The first things I did after bringing the data was merging the two dataset that were given ( Training and Validation). This was done at first in order to preprocess them at the same time but then I discovered that the validation dataset was not representative for the data so using it to validate the models was not the best choice. In this case I choase to re-split the data later on in train, test and validation. Then I procedeed to change the types of the variables to factors or Date Time as needed.

#INSPECTING, PREPROCESSING, VISUALIZATIONS ----

# Transform Data Types 
# locationData[1:520]<- sapply(locationData[1:520],as.numeric)
locationData [, c("SPACEID","USERID","PHONEID","RELATIVEPOSITION", "BUILDINGID","FLOOR")] <- lapply(locationData [, c("SPACEID","USERID","PHONEID","RELATIVEPOSITION", "BUILDINGID","FLOOR")], factor) # to factors
locationData$TIMESTAMP <- as.POSIXct(as.numeric(locationData$TIMESTAMP),origin  =  "1970-01-01",tz = "GMT")

# Removing duplicated Rows (#637 duplicated)
locationData <- distinct(locationData)

# Remove near zero variance columns
WAPS_VarTrain <- nearZeroVar(locationData[locationData$inTrain == T, 1:520], saveMetrics = TRUE)
WAPS_VarValid <- nearZeroVar(locationData[locationData$inTrain == F, 1:520], saveMetrics = TRUE)
locationData <- locationData[ - which(WAPS_VarTrain$zeroVar==TRUE | WAPS_VarValid$zeroVar == TRUE)]
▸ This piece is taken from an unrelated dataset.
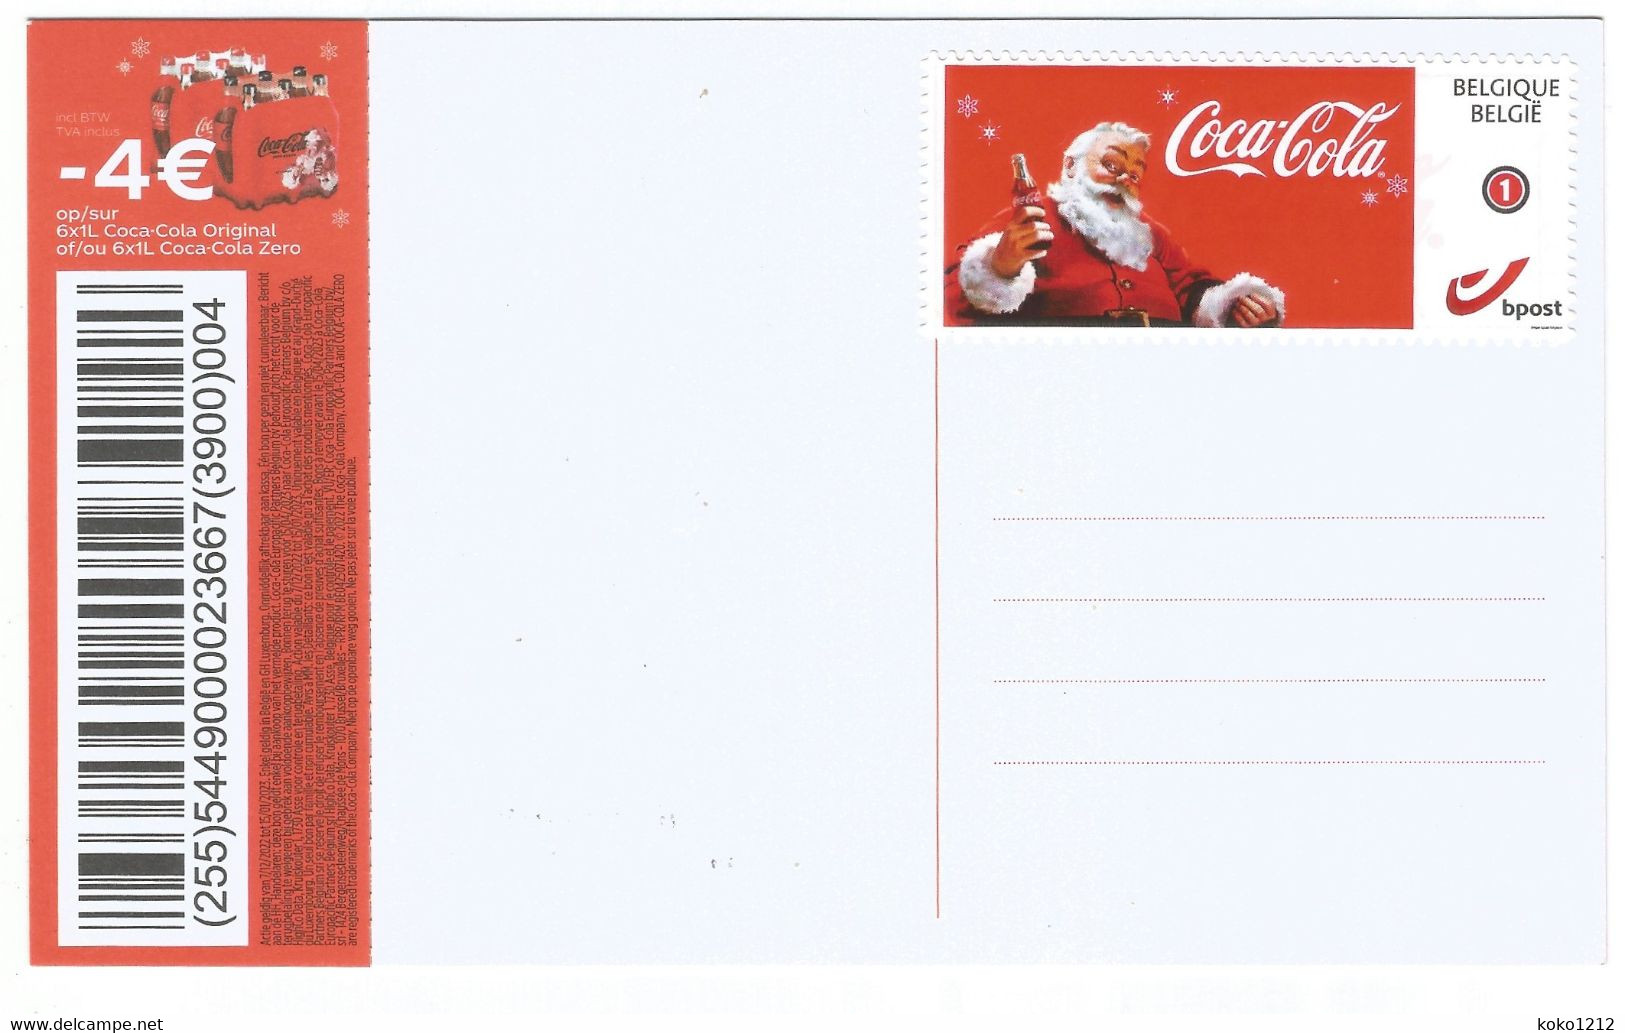 RARE CocaCola Belgium Postcard (1/2) With Private Stamp CocaCola NEUF - Cartes Postales

As part of the preprocessing the duplicated rows ( number of 637) were removed. The dataset contained no missing values. All the near zero variance columns were also removed. After this the number of WAPS went from 520 to 315.

Visualizing the Data

The 3D plot of the data from each building was created in order to understand from where the datapoints are coming from and to examine their distribution. Also 3D Ploting the building we saw that the buildings have the same shape as the campus of Universitat Jaume I where the dataset was colected as seen at the link below. https://www.google.es/maps/place/Jaume+I+University/@39.9915504,-0.0682044,516a,35y,32.49h,14.15t/data=!3m1!1e3!4m5!3m4!1s0x0:0x1368bf53b3a7fb3f!8m2!3d39.9945711!4d-0.0689003

Inspecting the Given Split of the Dataset

As part of the visualization we wanted to see if the given split od the data (train and validation) will be suitable for use in the building/ testing of the models. The plot below showed us the distribution of the samples across the two datasets.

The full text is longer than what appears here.